XHAC-FM
- Campeche, Campeche, Mexico; Mexico;
- Frequency: 102.7 MHz
- Branding: La Ke Buena

Programming
- Format: Grupera
- Affiliations: Radiópolis

Ownership
- Owner: Núcleo Comunicación del Sureste; (Radiorama del Sureste, S.A.);
- Sister stations: XHMI-FM, XHRAC-FM

History
- First air date: August 7, 1939
- Call sign meaning: Derived from former AM callsign XEA + Campeche

Technical information
- ERP: 25,000 watts (FM)
- HAAT: 26.38 meters
- Transmitter coordinates: 19°50′30″N 90°32′06″W﻿ / ﻿19.84167°N 90.53500°W

Links
- Webcast: Listen live
- Website: ncscampeche.com/radiochannel/ke-buena/

= XHAC-FM (Campeche) =

Radio station in Campeche, Campeche, Mexico

XHAC-FM is a radio station on 102.7 FM in Campeche, Campeche, Mexico.
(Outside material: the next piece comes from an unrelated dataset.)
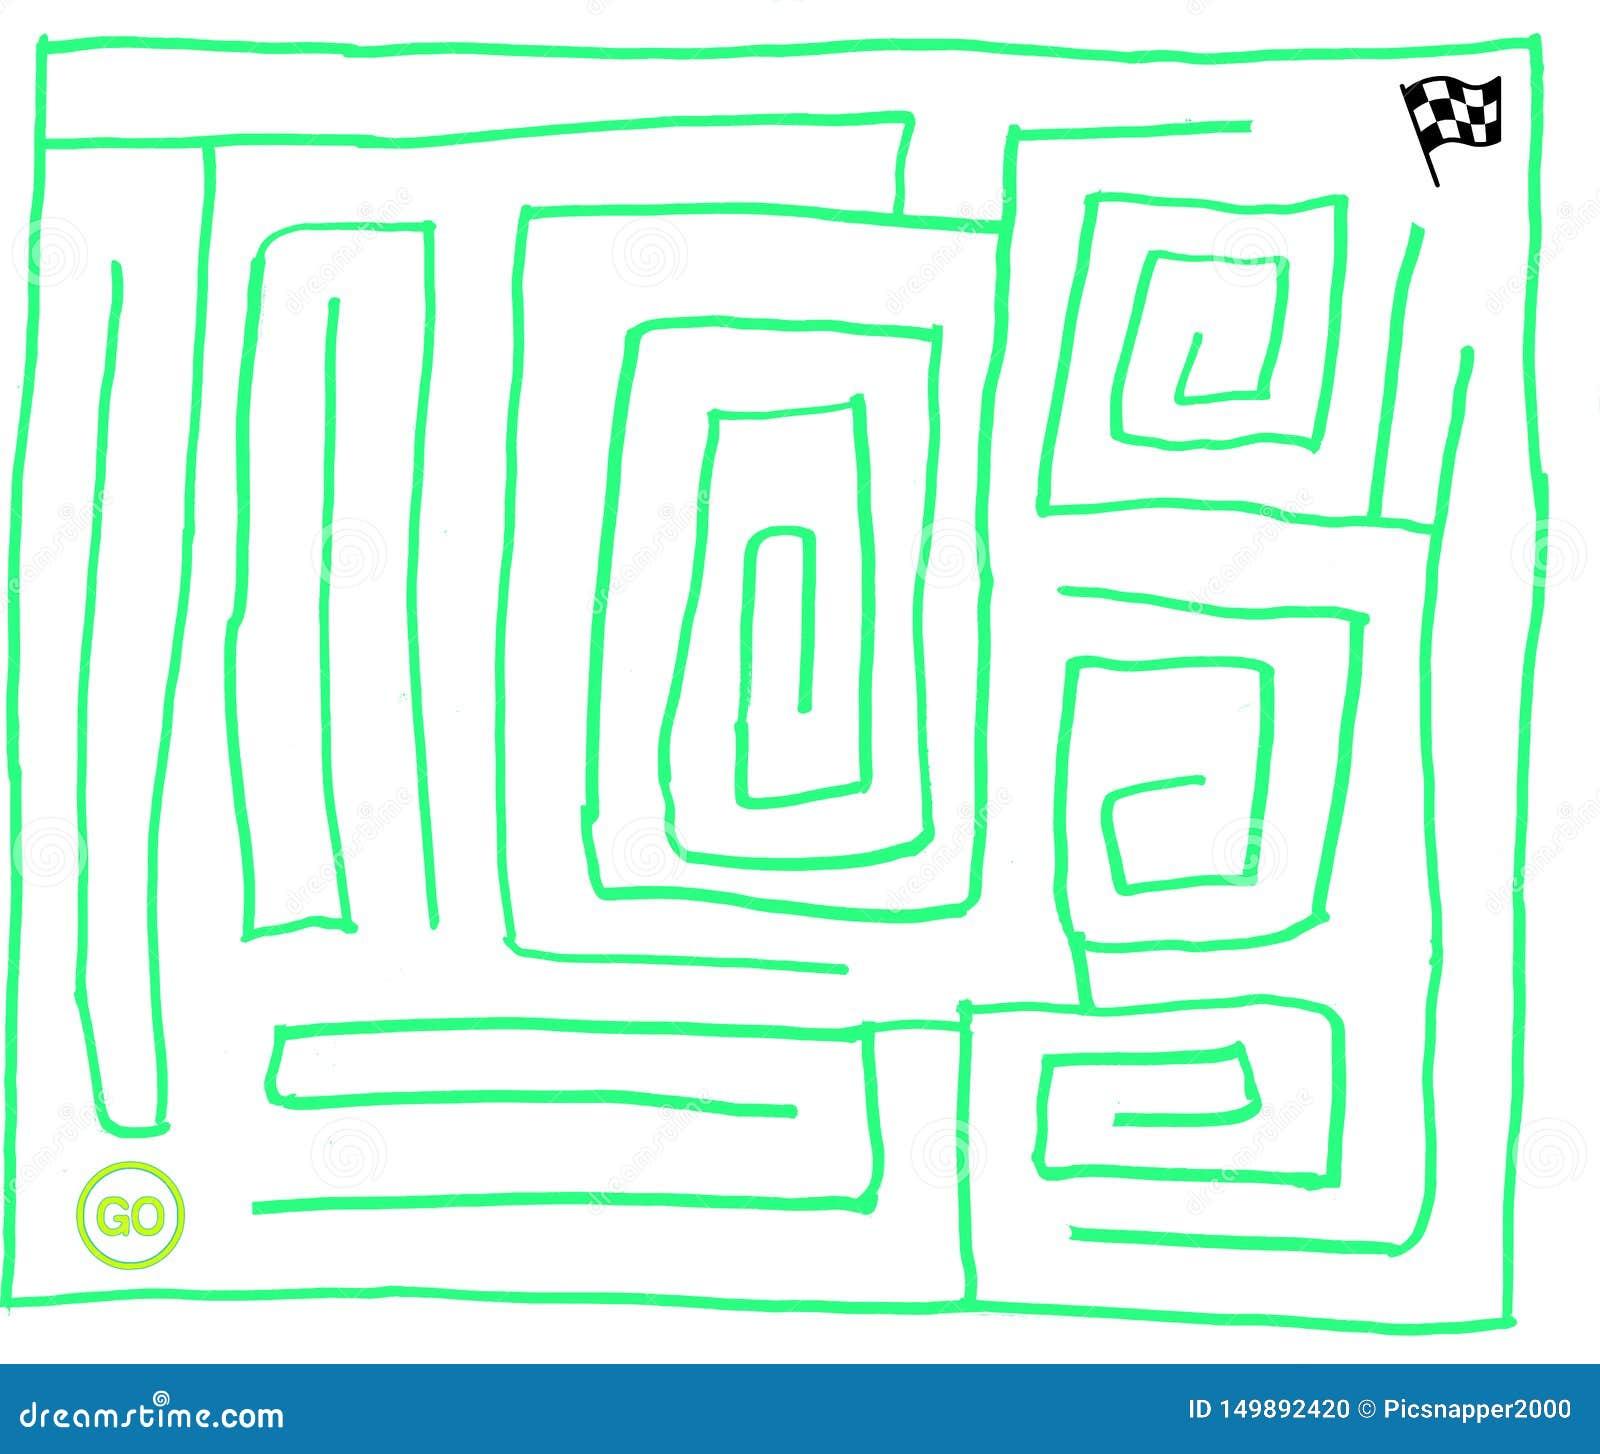 Labirinto numero sette, verde molto facile e fluorescente, grafico di vettore

The station is owned by Núcleo Comunicación del Sureste and carries La Ke Buena national grupera format from Radiópolis.

==History==
XEA-AM was Campeche's first radio station and the only station in the state for 18 years. Its roots lay in an unlicensed station that operated for a time in 1938 but was shut down a month later because it lacked a concession. Given the public interest that the new station had excited, Luis A. Maury applied for a concession, and on August 7, 1939, XEA-AM on 1370 kilohertz took to the air with the final annual address of Governor Eduardo Mena Córdova. Its formal concession was issued eight days later. XEA initially operated three hours a day, in the evening, and as electricity was scarce in Campeche, few residents had radios. It was commonly known as "El Eco de las Murallas".

Alejandro Casanova Brito, known as "Lexo", joined the station as an early announcer. By 1942, Maury wanted out of the radio business and sold the station to Casanova, who obtained financing for the acquisition from Governor Héctor Pérez Martínez. Casanova repaid the governor with airtime, leading to the creation of La Hora Estatal, a government radio program similar to the modern opt-outs of La Hora Nacional. Sponsored programming arrived on the station, as did a restructuring of the broadcast day. Newscasts like "Vida Social Arceo" and "Cuestión de Minuto", modest radio novels, live remotes from popular dances and political gatherings, and the transmission of Piratas de Campeche baseball games in the Peninsular League were staples of XEA. Additionally, the provision of round-the-clock electricity to Campeche beginning in 1950 increased the popularity of local radio. The station produced a variety of locally recognized announcers and hosts.

It would not be until 1957 that the station had competition, as Manuel Araujo Echeverría set up Campeche's second station on 1430 kHz, XEUK-AM. Six years later, the station was sold to the Rivas-Arceo Corcuera consortium of Yucatán broadcaster Rafael Rivas Franco and local Alberto Arceo Corcuera, who rebranded it XERAC-AM. Additionally, XECAM-AM was built in 1961 by Rafael Cutberto Navarro.

In the late 1960s, now with local competition, XEA moved to a musical format and took the name Radio Variedades, with a wide variety of music in Spanish.

In 1980, Arceo Corcuera bought XEA, making it sister station to XERAC as well as XHMI-FM, the first FM station in the state. He quickly built a media empire, which also featured stations of XETH-AM in Palizada, XEESC-AM in Escárcega and XESE-AM in Champotón and the Tribuna newspaper. This became known as Núcleo Comunicación del Sureste. With the sale, XEA changed its format to tropical music. In 1985, XEA along with the Palizada and Escárcega stations secured an affiliation to Radiorama.

In 2008, XEA picked up La Ke Buena national grupera format. The station migrated to 102.7 MHz FM in 2011 and changed its callsign to XHAC-FM, making it one of two unrelated stations to bear the callsign along with a station in Aguascalientes.